Tablets that can respond not only to touchscreen contact but taps and motions in the area around them could deliver a combination of Microsoft Surface-style expansive gestures in a portable form-factor, if researchers have their way. Portico, the handiwork of three computer scientists at Intel, Microsoft Research and the University of Washington, uses a pair of pull-out webcams to track movement on the table the slate is resting on. That way, objects in the periphery of the tablet can interact with what's being shown on-screen.
According to Daniel Avrahami, Jacob Wobbrock and Shahram Izadi, the team behind Portico, the system gives a 12-inch tablet the touchable area of a 26-inch display. In their demonstration - which you can see in the video below - a ball rolled at the side of the slate is tracked and then converted into a virtual ball when it impacts the edge, the motion continued across the screen. However, there's more to it than simple gaming.
"The idea is to allow the interactive space to go beyond the display space or screen space" Wobbrock told Technology Review, suggesting that it could make for easier device interaction as our portable gadgets get smaller. "As devices continue to shrink, they compromise the screen space" he points out, "but with Portico you can reclaim the surrounding area for interactivity."
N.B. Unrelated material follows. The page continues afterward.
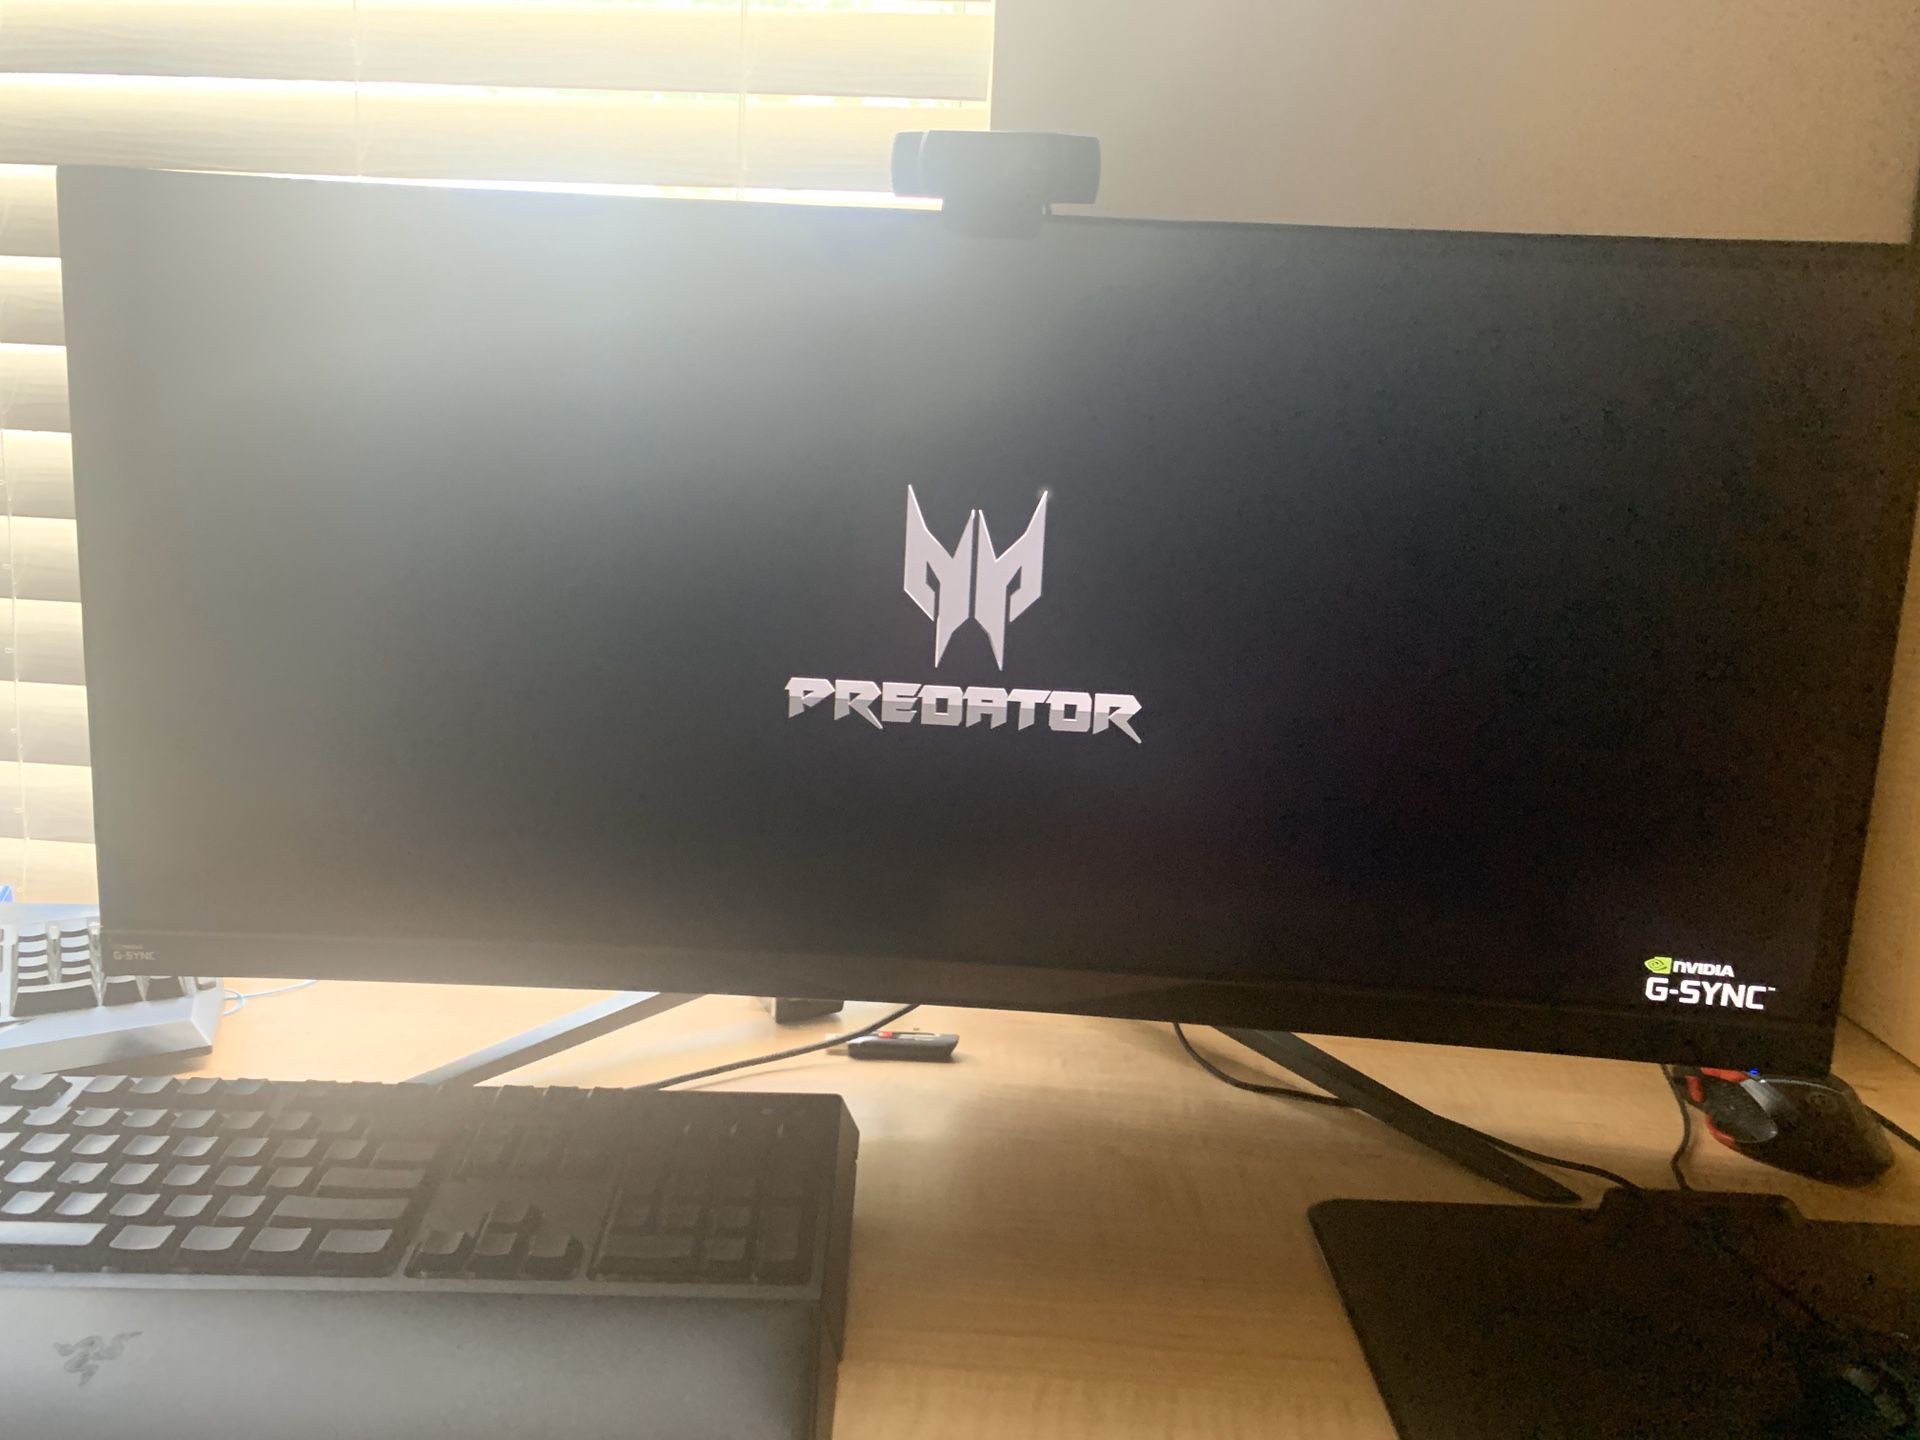 Acer Predator Gaming X34 Pbmiphzx Curved 34" UltraWide QHD Monitor with NVIDIA G-SYNC
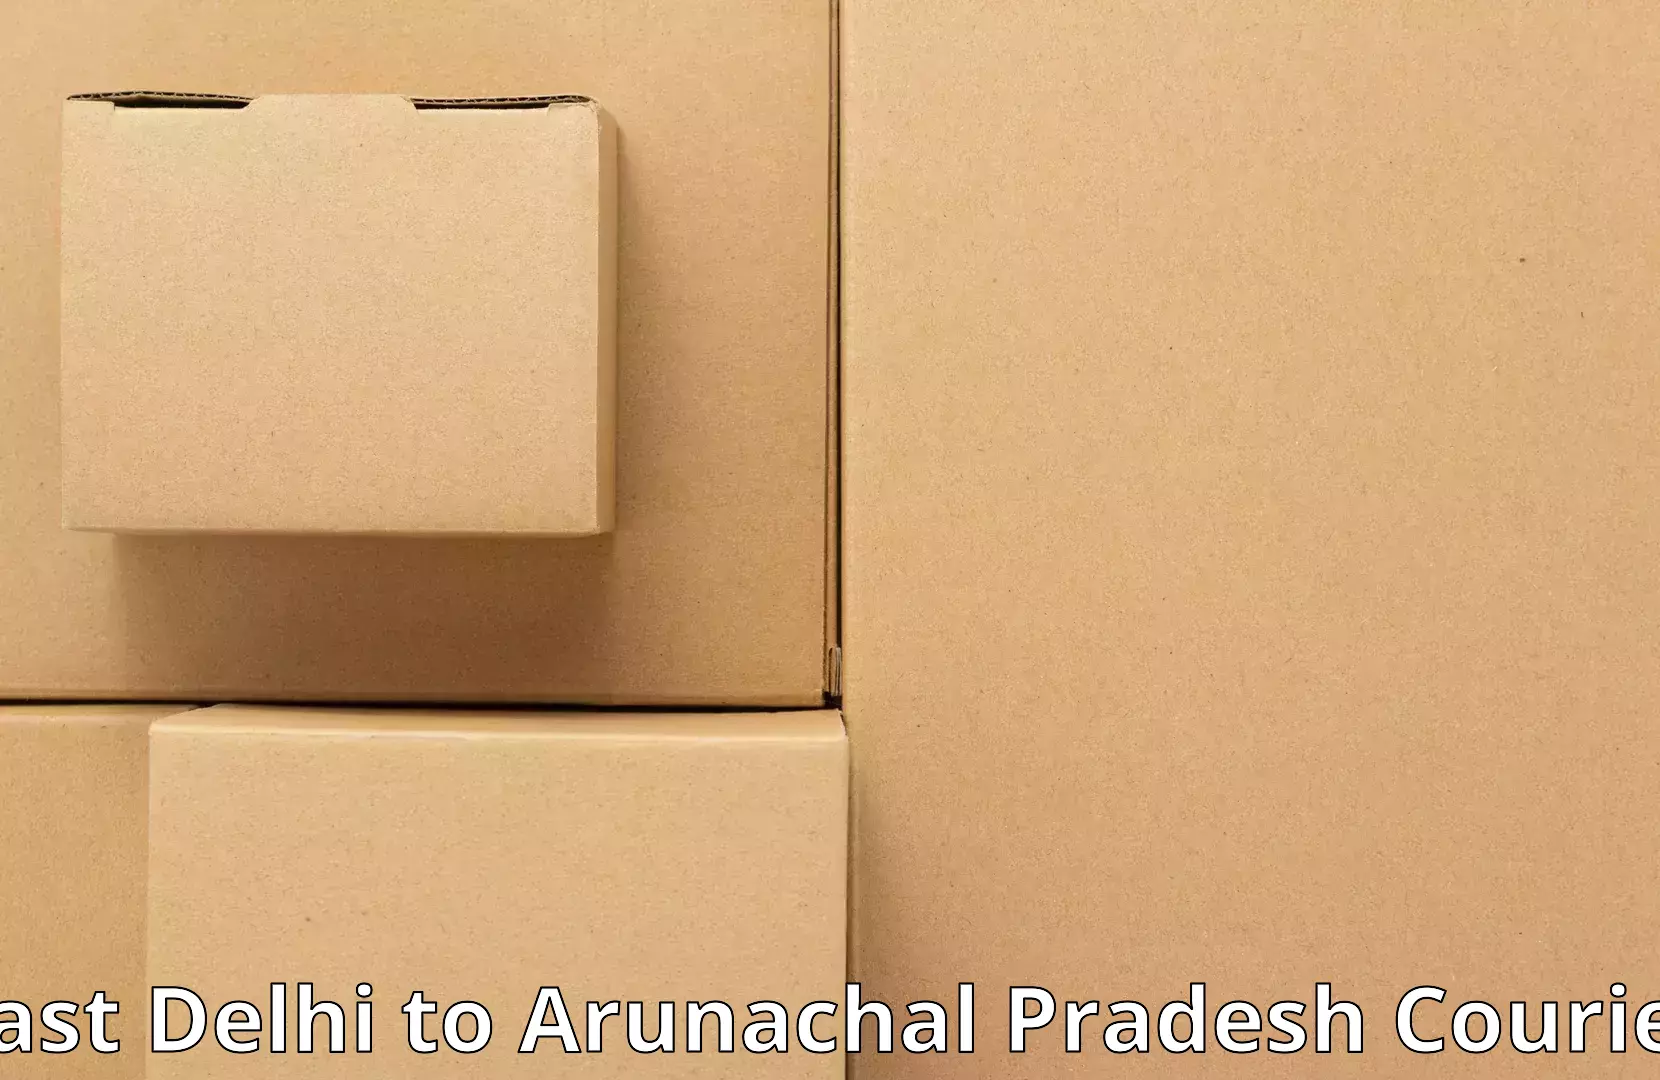 Professional moving company East Delhi to Chowkham

Portico uses the pair of cameras to calculate the height and position of objects around the tablet, using that information to figure out how the on-screen graphics should respond. Although the current prototype - which the trio will demonstrate at UIST 2011 next month - uses a two webcams on extendable arms, an alternative would be clip-on cameras or, even, a simple framework using a pico-projector to create the virtual desktop.